- [TASK DIRECTIONS]
Restate word for word the lines below that run from the one holding "2002 Amaç MADDE" through the one holding "Lange vierkante nagels", inclusive. Pictures don't belong in the copy.

- [RECORDS SUPPLIED]
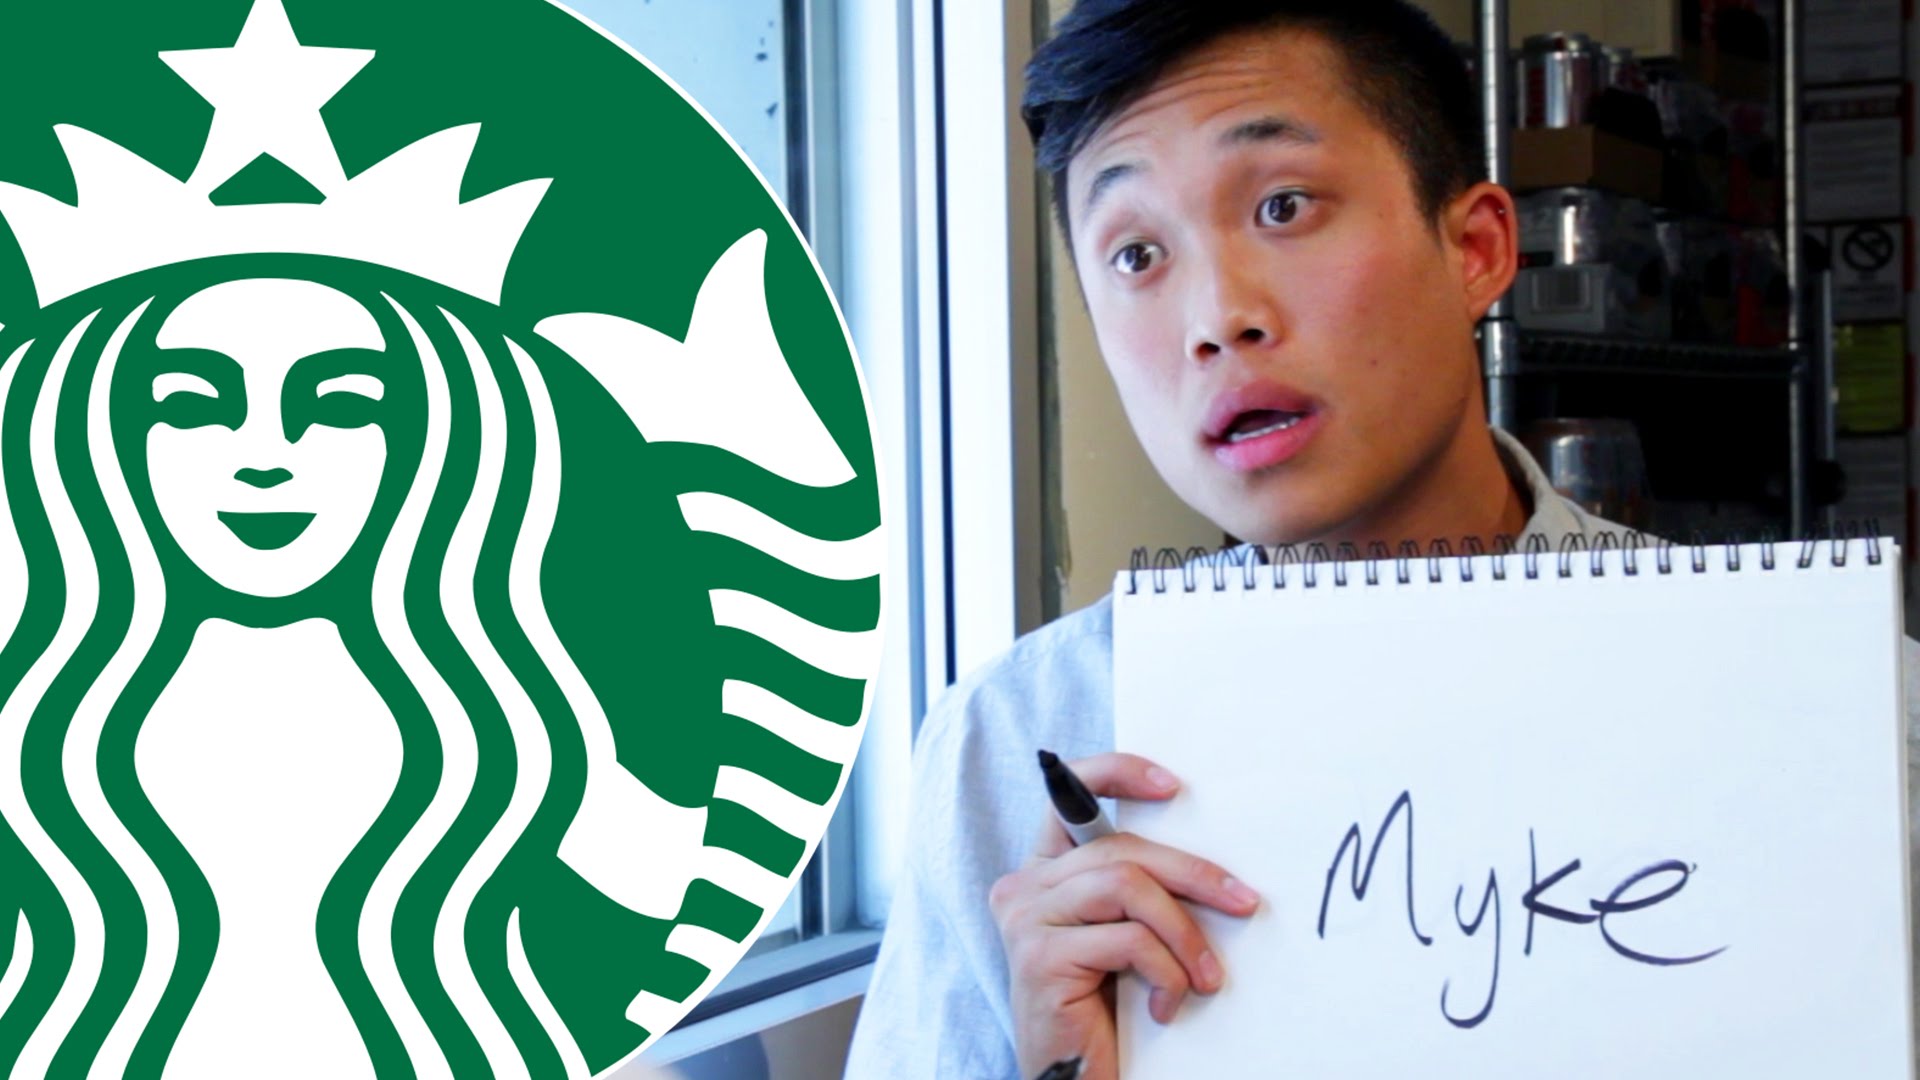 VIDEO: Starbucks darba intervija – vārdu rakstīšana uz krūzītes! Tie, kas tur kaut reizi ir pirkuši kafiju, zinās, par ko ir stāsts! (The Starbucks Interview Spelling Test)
---
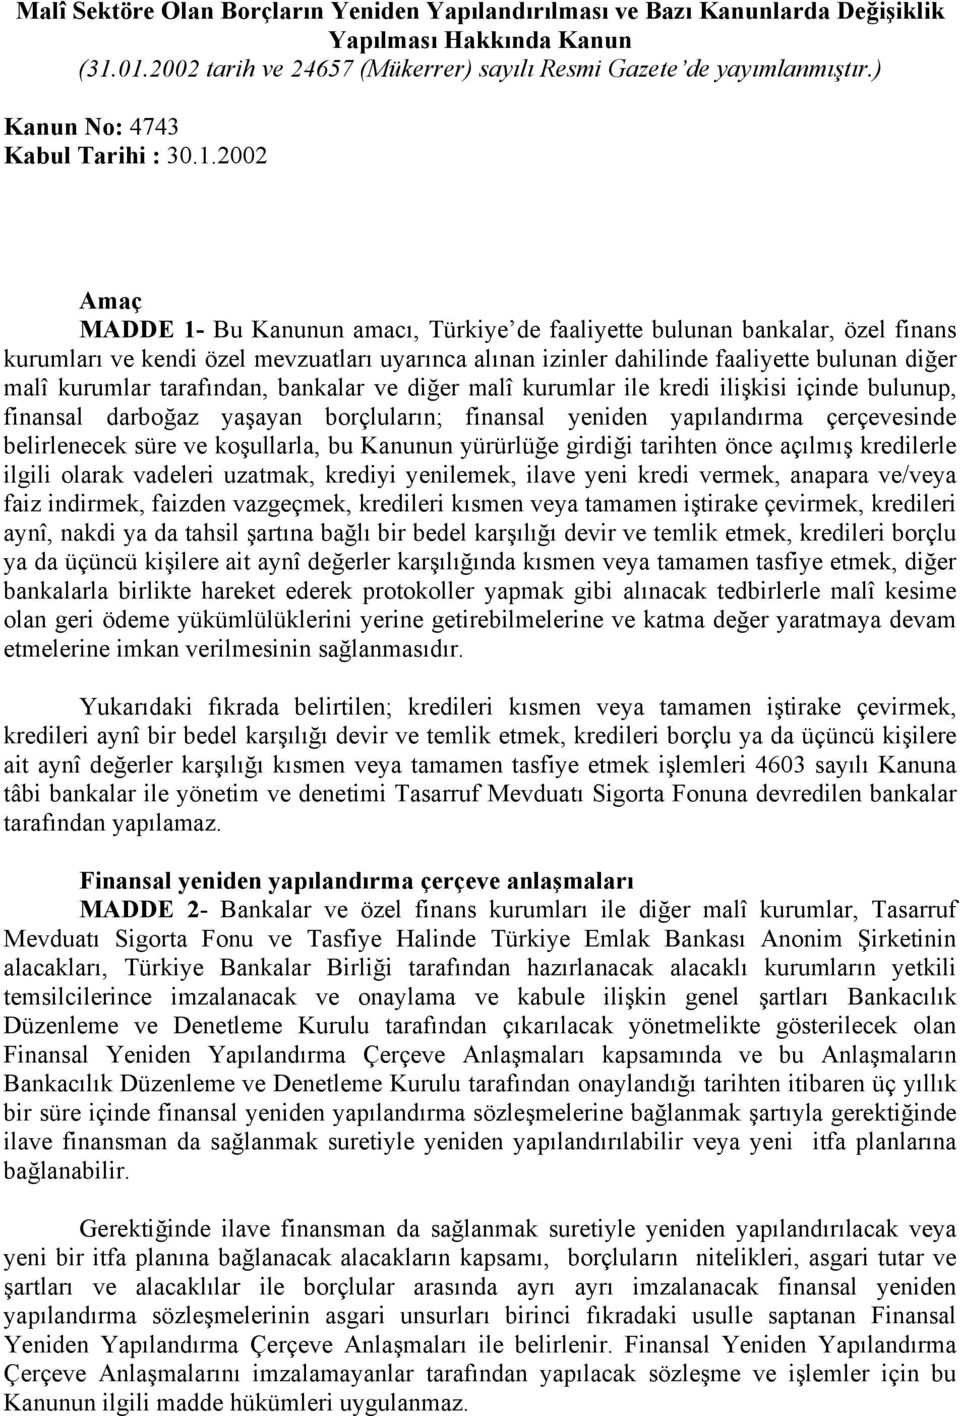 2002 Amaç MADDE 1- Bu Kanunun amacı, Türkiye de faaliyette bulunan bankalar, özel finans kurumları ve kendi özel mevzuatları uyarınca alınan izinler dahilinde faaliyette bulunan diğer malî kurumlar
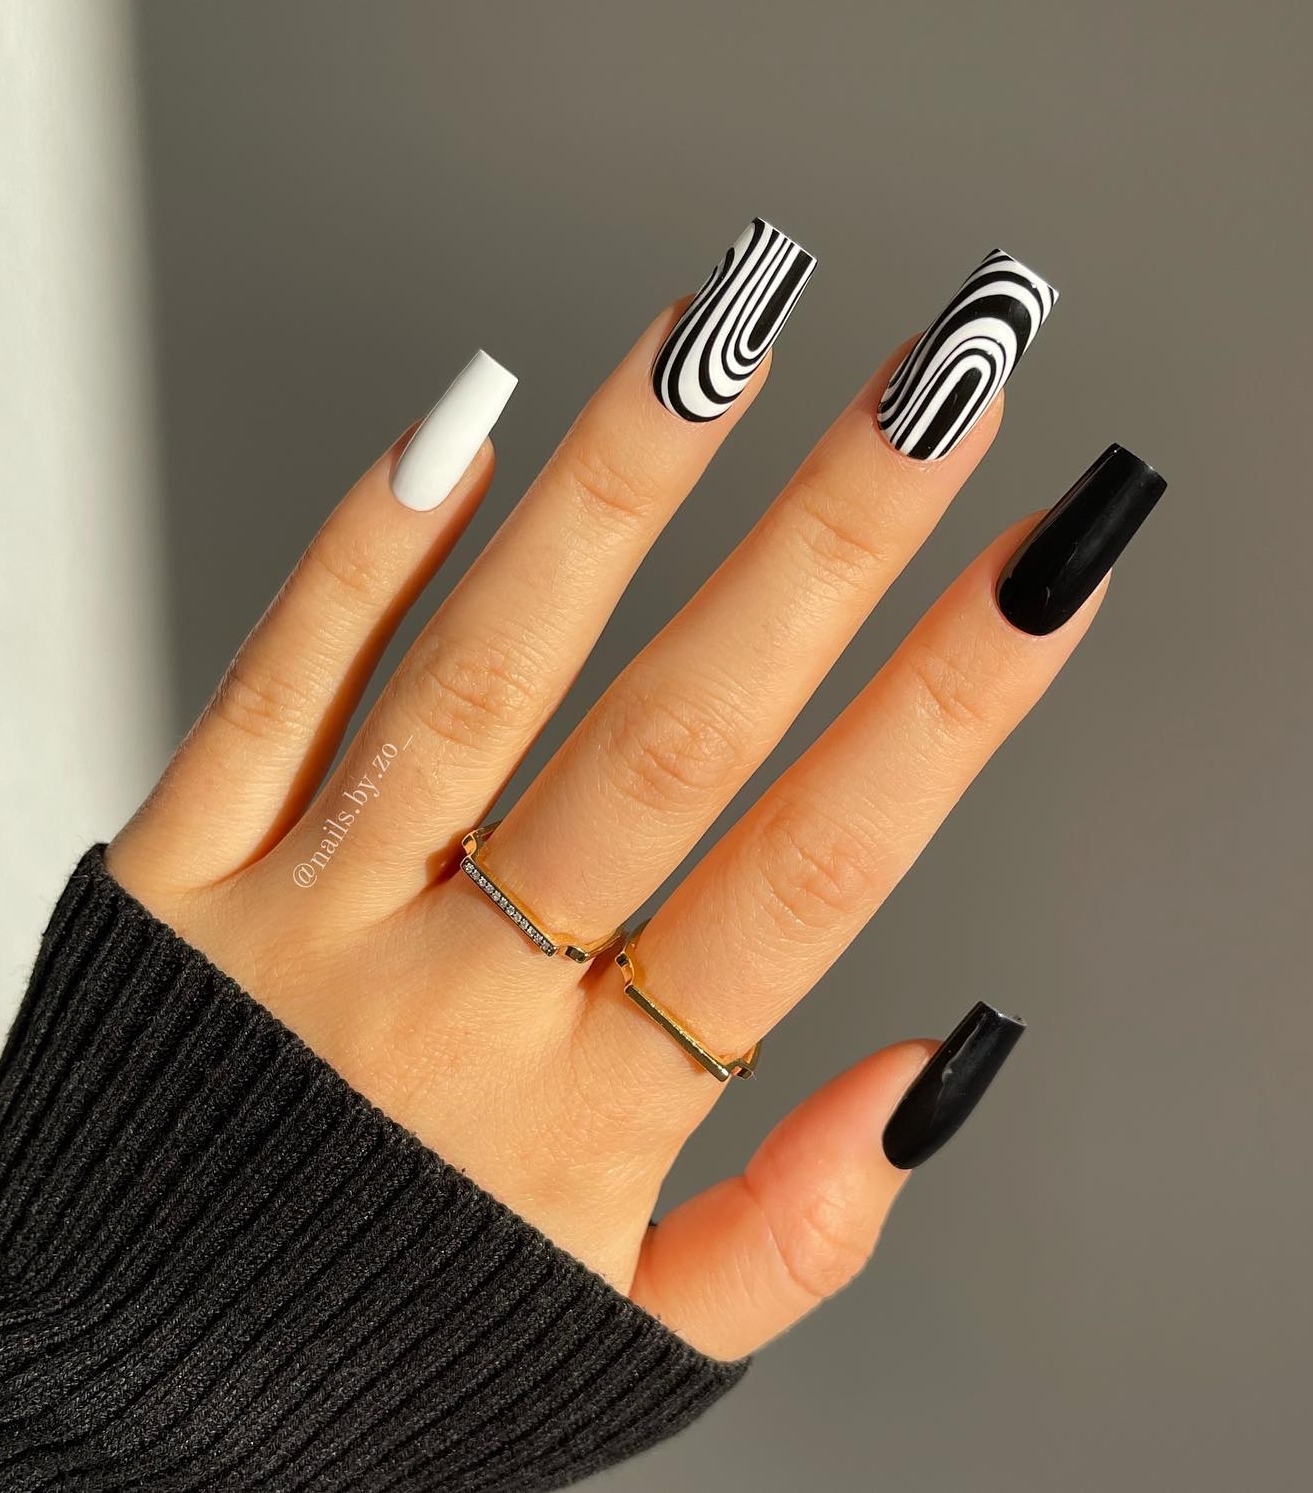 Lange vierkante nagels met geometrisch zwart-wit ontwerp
--
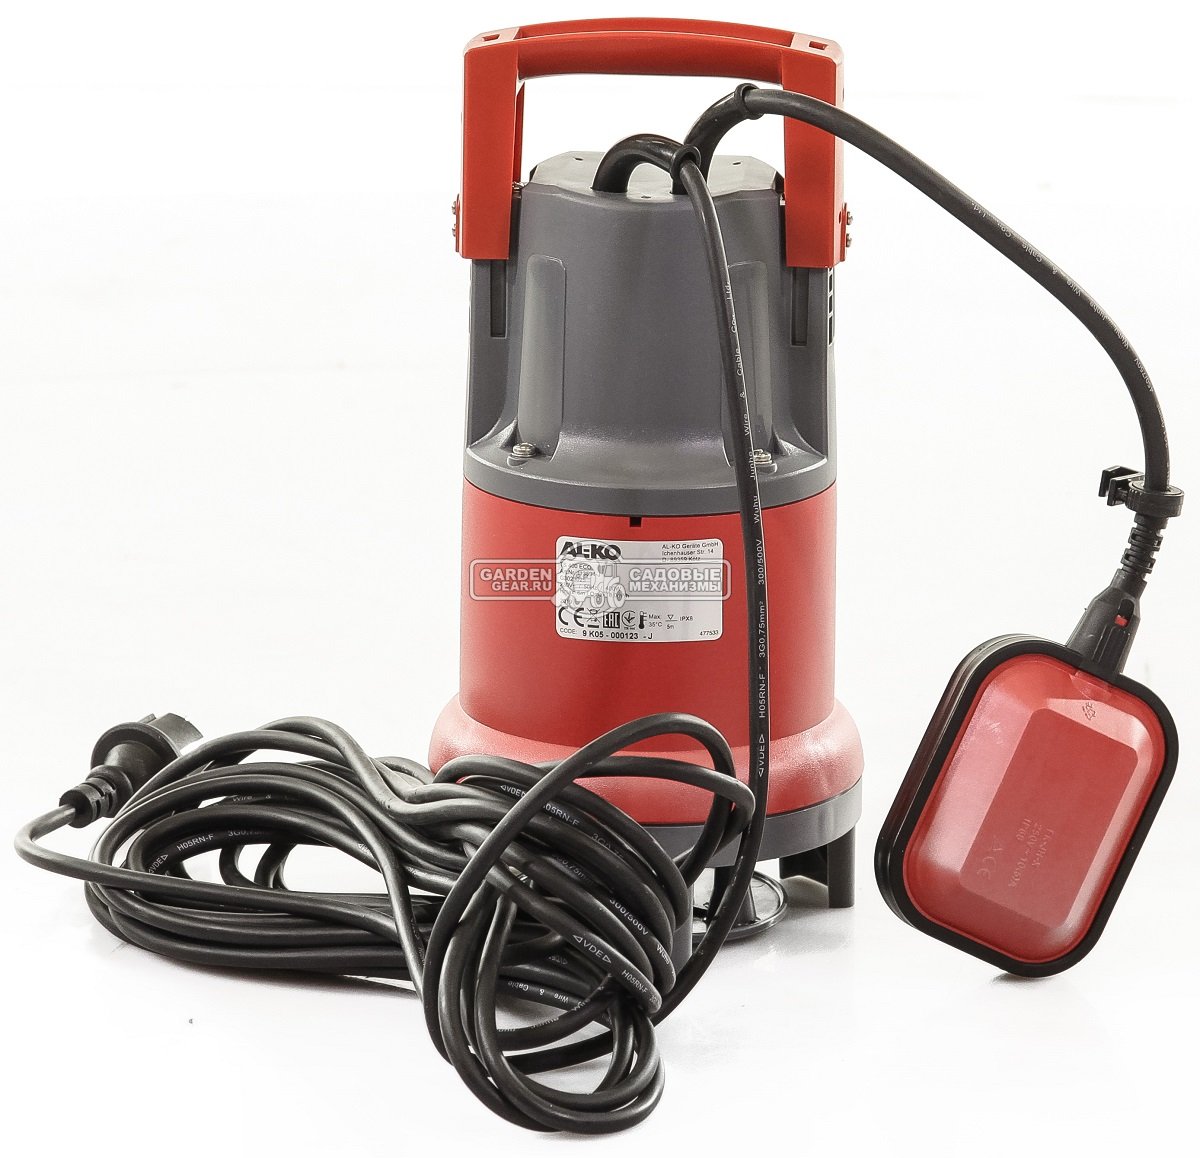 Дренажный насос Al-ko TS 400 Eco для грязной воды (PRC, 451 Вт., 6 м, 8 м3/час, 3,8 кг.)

- [WRITTEN RESPONSE]
 2002 Amaç MADDE 1- Bu Kanunun amacı, Türkiye de faaliyette bulunan bankalar, özel finans kurumları ve kendi özel mevzuatları uyarınca alınan izinler dahilinde faaliyette bulunan diğer malî kurumlar
 Lange vierkante nagels met geometrisch zwart-wit ontwerp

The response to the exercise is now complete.